What is required - Print the line containing "Brilliant Overstock Furniture", then every line after it through the end of the material, exactly as written and without pictures.

Collected material -

===

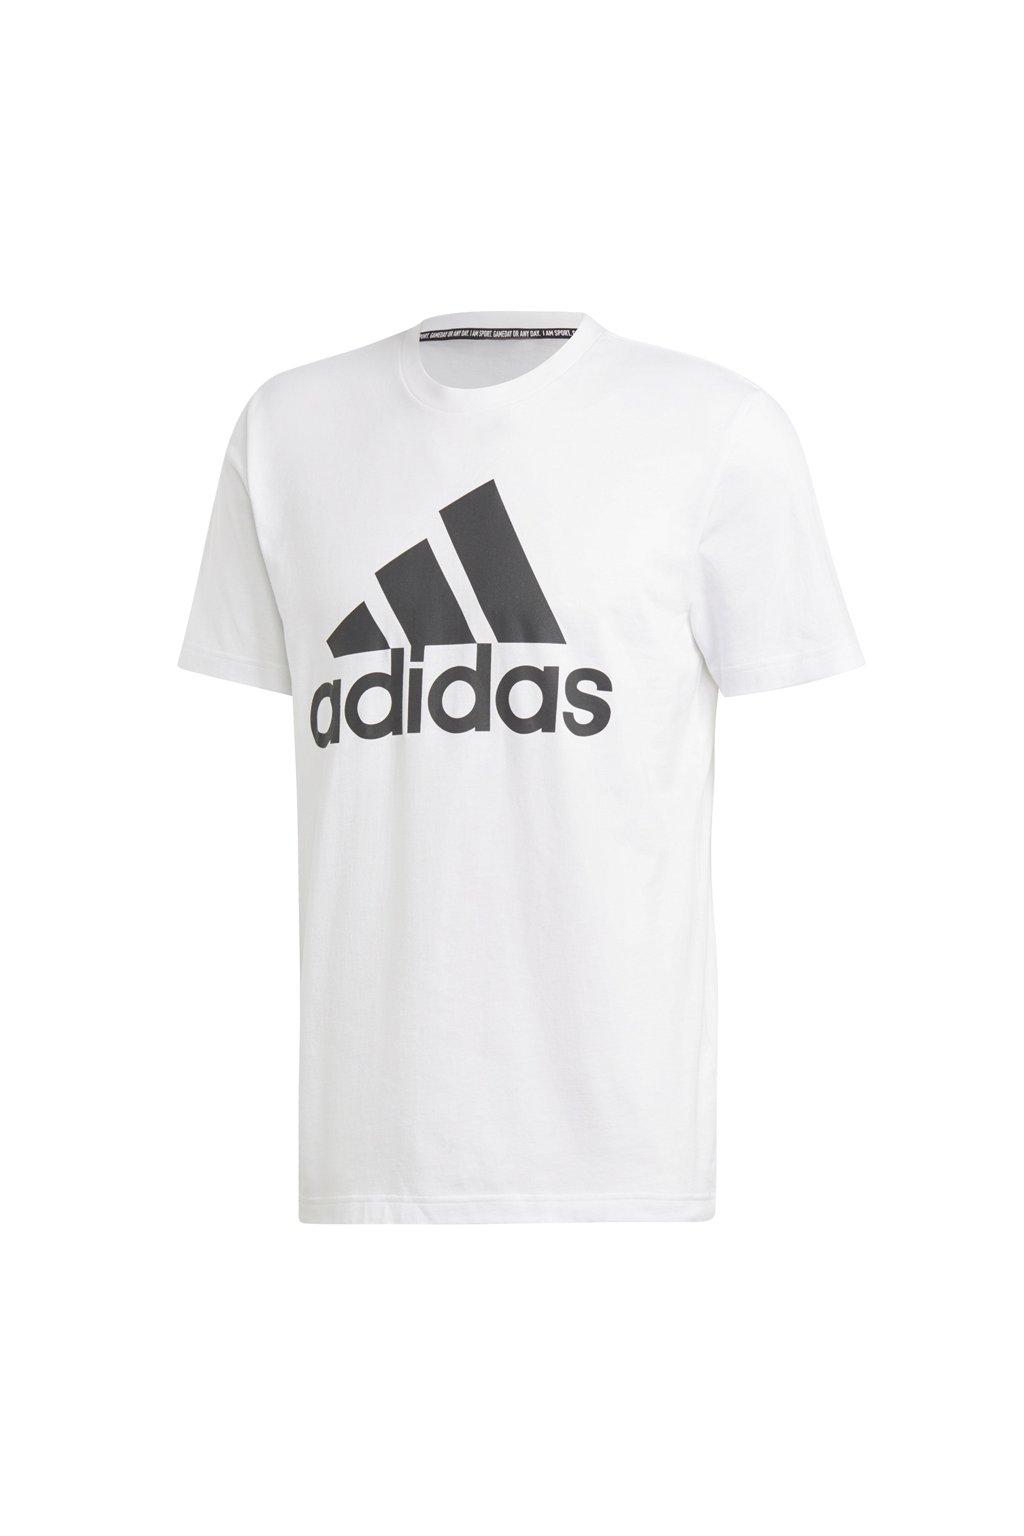 Pánske tričko Adidas MH BOS biele DT9929
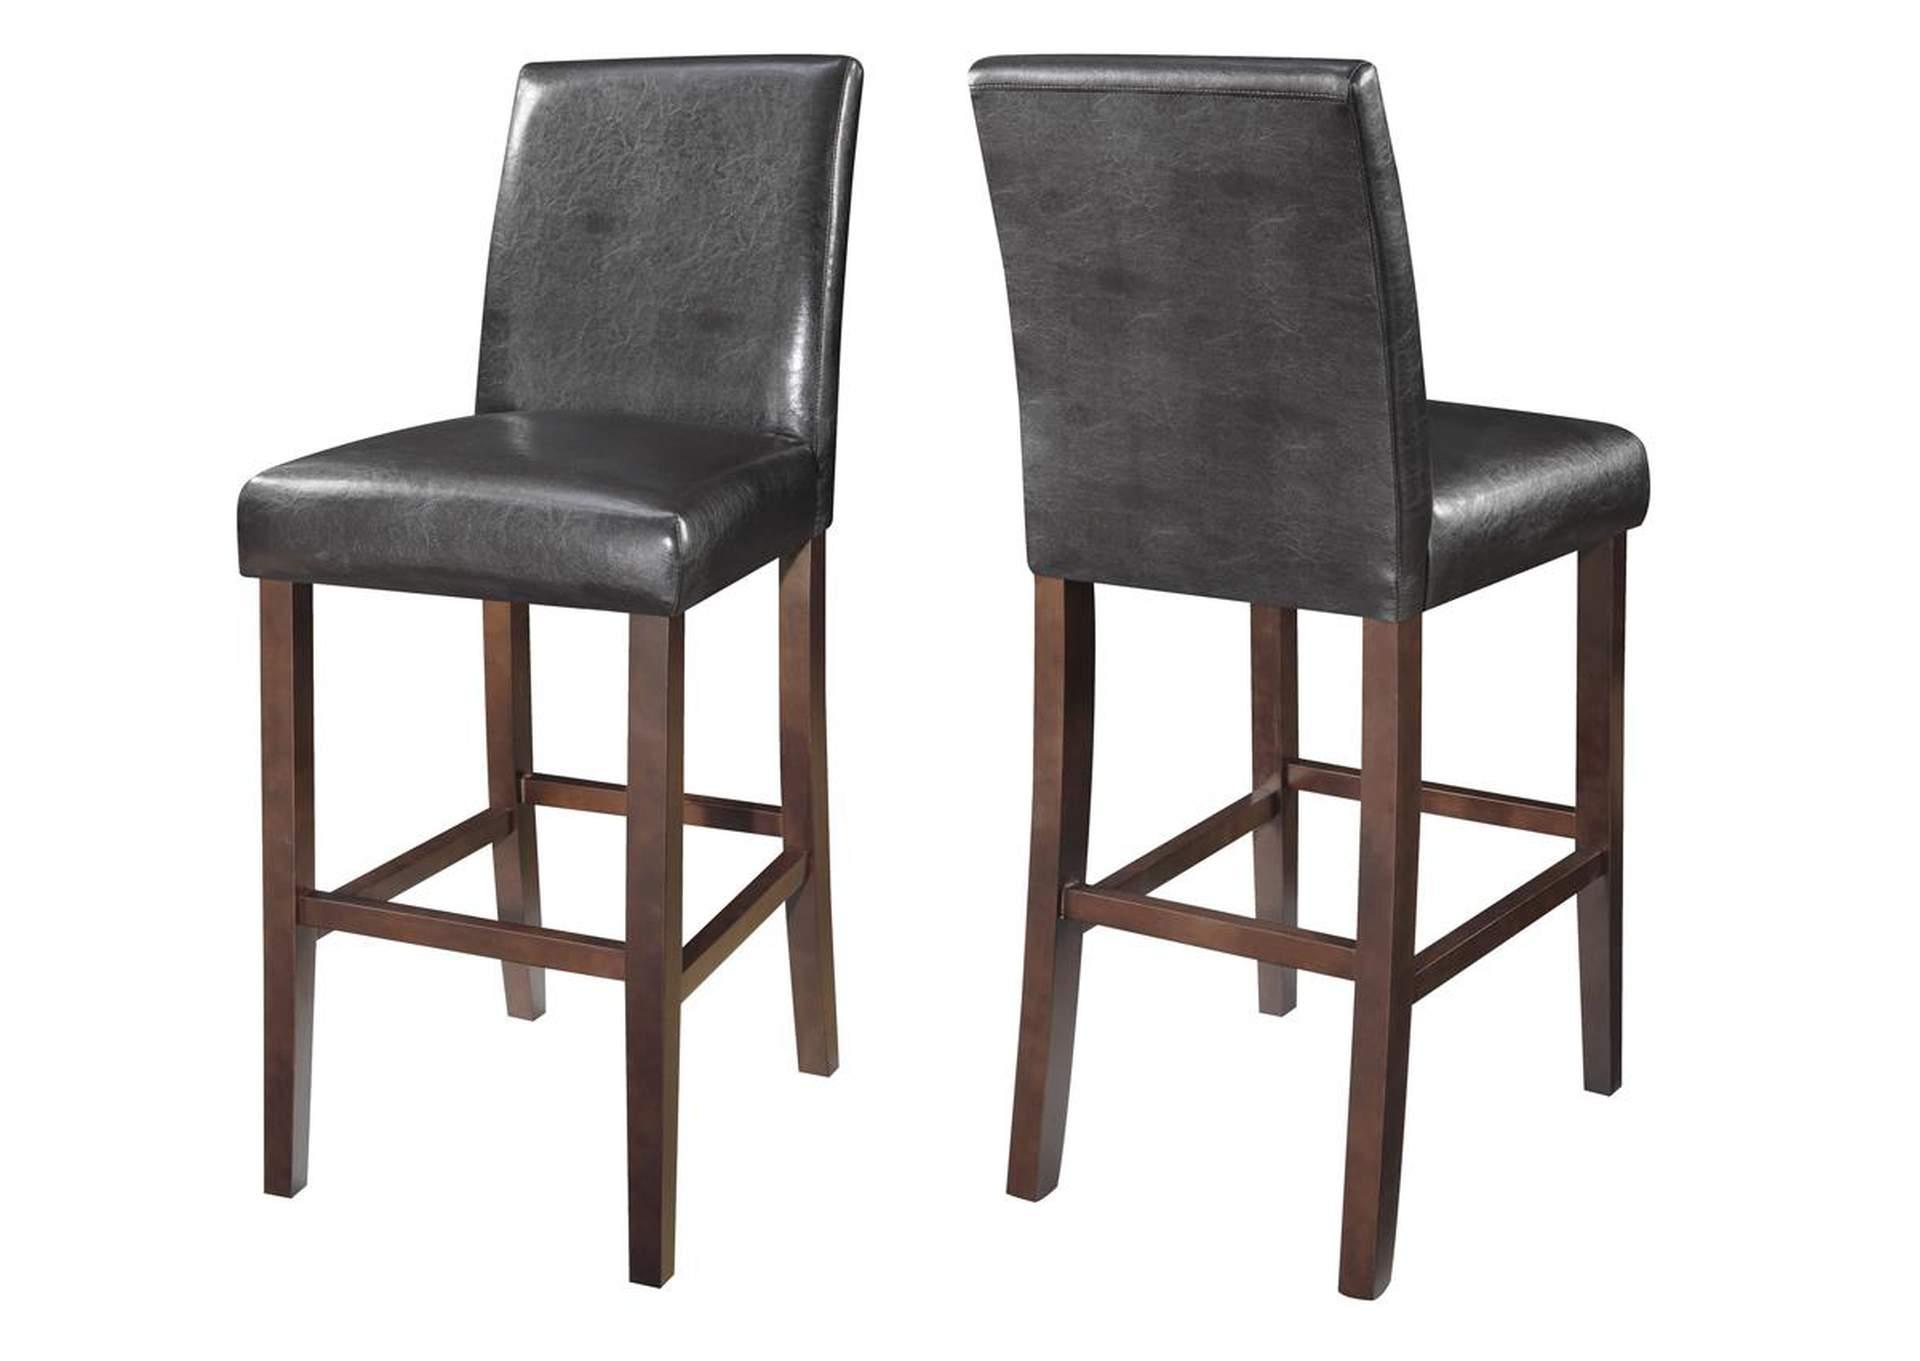 Brilliant Overstock Furniture Langley Park Catonsville Alexandria Beatyapartments Chair Design Images Beatyapartmentscom
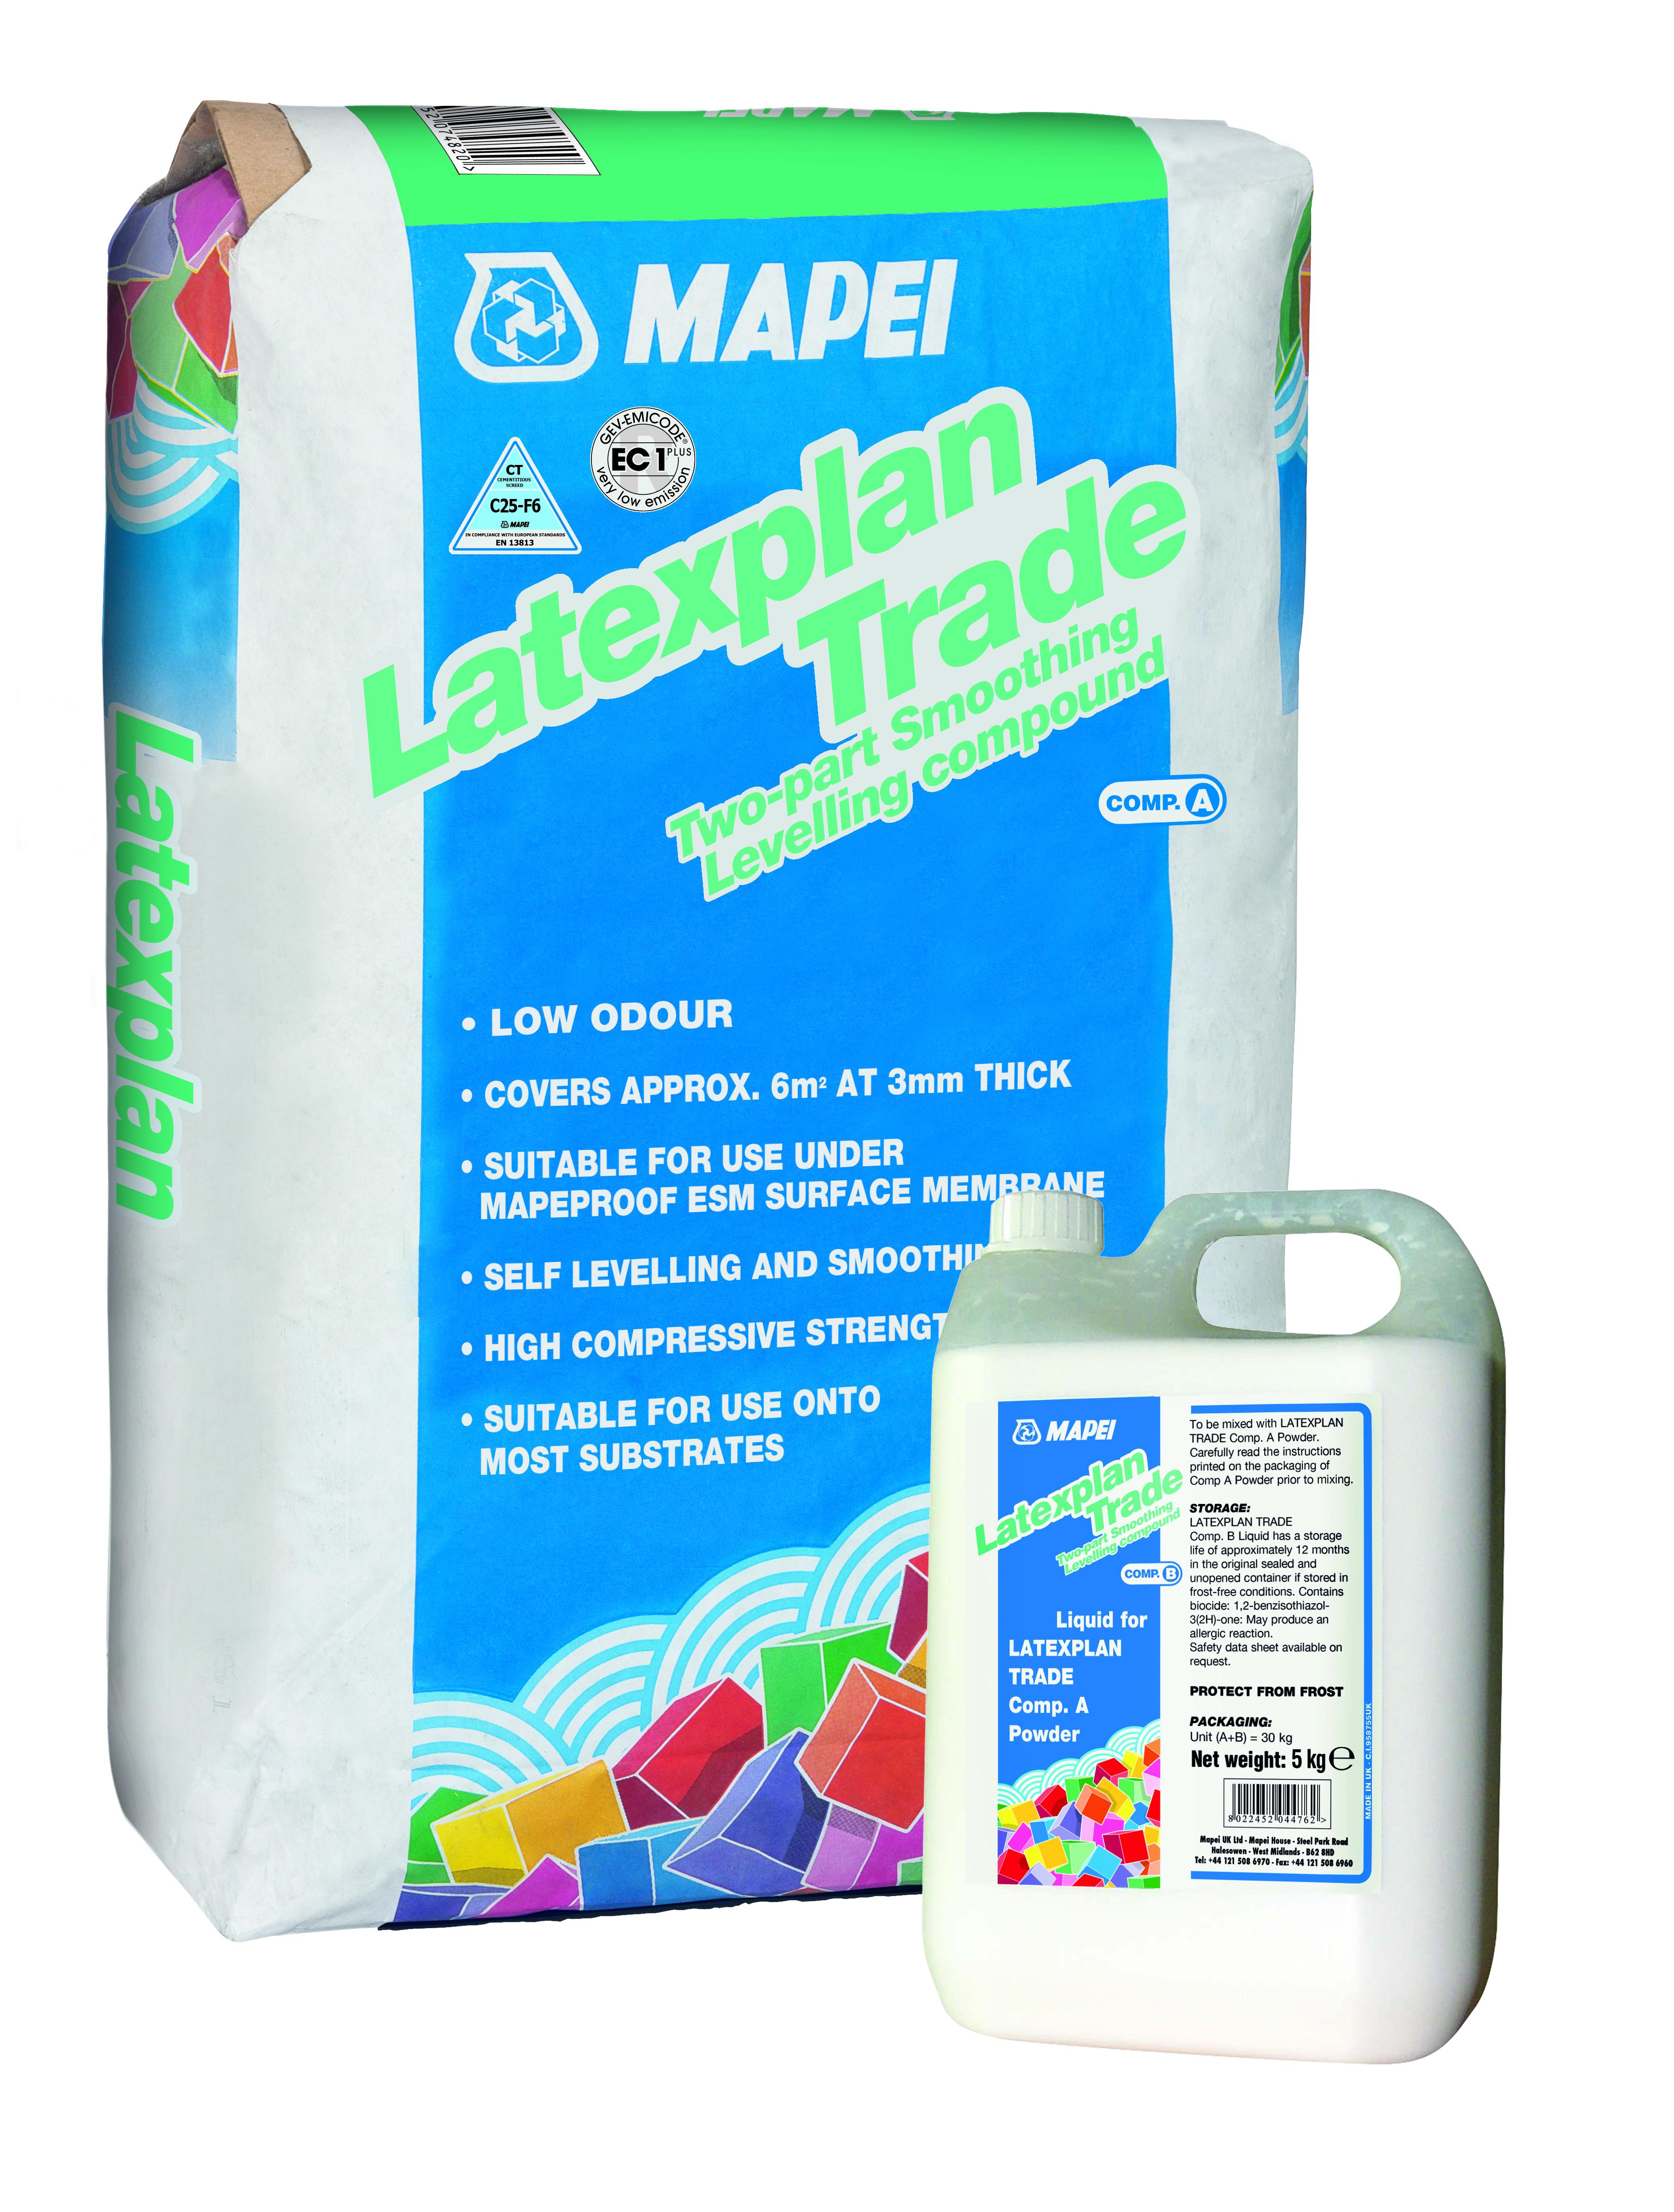 Mapei Latexplan Trade

===

Solution to this problem -
 Brilliant Overstock Furniture Langley Park Catonsville Alexandria Beatyapartments Chair Design Images Beatyapartmentscom
 Mapei Latexplan Trade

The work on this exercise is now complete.